A giant star called VVV-WIT-08 exhibited a smooth, eclipse-like drop in brightness to a depth of 97% in 2012; minimum brightness occurred in April 2012 and the total event duration was a few hundred days, according to an analysis of data from the VISTA Variables in the Via Lactea survey (VVV), a project using the British-built VISTA telescope in Chile and operated by ESO.

VVV-WIT-08 is a giant star located more than 25,000 light-years away in the constellation of Sagittarius.

It may belong to a new class of ‘blinking’ binary system, where a giant star — 100 times larger than the Sun — is eclipsed once every few decades by an as-yet unseen orbital companion.

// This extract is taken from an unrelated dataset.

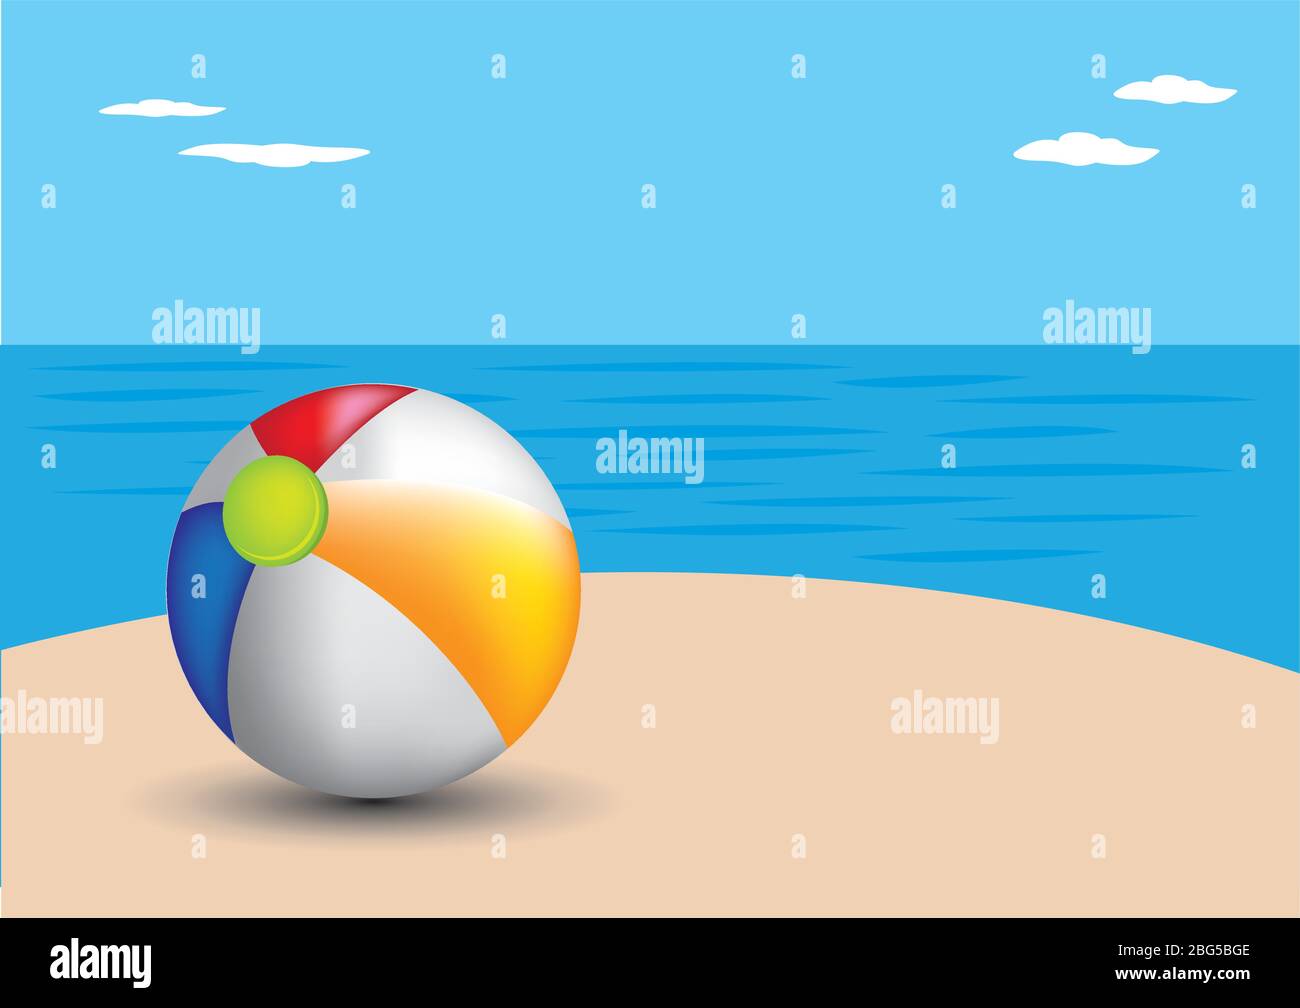 Vector illustration of a beach ball on a beach. Stock Vector

The companion, which may be another star or a planet, is surrounded by an opaque disk, which covers the giant star, causing it to disappear and reappear in the sky.

“It’s amazing that we just observed a dark, large and elongated object pass between us and the distant star and we can only speculate what its origin is,” said Dr. Sergey Koposov, an astronomer at the University of Edinburgh.

Since the star is located in a dense region of the Milky Way, Dr. Koposov and colleagues considered whether some unknown object could have simply drifted in front of VVV-WIT-08 by chance.

However, simulations showed that there would have to be an implausibly large number of dark bodies floating around the Galaxy for this scenario to be likely.

One other star system of this sort has been known for a long time. The giant star Epsilon Aurigae is partly eclipsed by a huge disk of dust every 27 years, but only dims by about 50%.

A second example, TYC 2505-672-1, was found a few years ago, and holds the current record for the eclipsing binary star system with the longest orbital period — 69 years — a record for which VVV-WIT-08 is currently a contender.

“Occasionally we find variable stars that don’t fit into any established category,” said VVV project co-leader Professor Philip Lucas, an astronomer at the University of Hertfordshire.

“We really don’t know how these blinking giants came to be. It’s exciting to see such discoveries from VVV after so many years planning and gathering the data.”

“There are certainly more to be found, but the challenge now is in figuring out what the hidden companions are, and how they came to be surrounded by disks, despite orbiting so far from the giant star,” said Dr. Leigh Smith, an astronomer in the Institute of Astronomy at the University of Cambridge.

“In doing so, we might learn something new about how these kinds of systems evolve.”

The study was published in the Monthly Notices of the Royal Astronomical Society.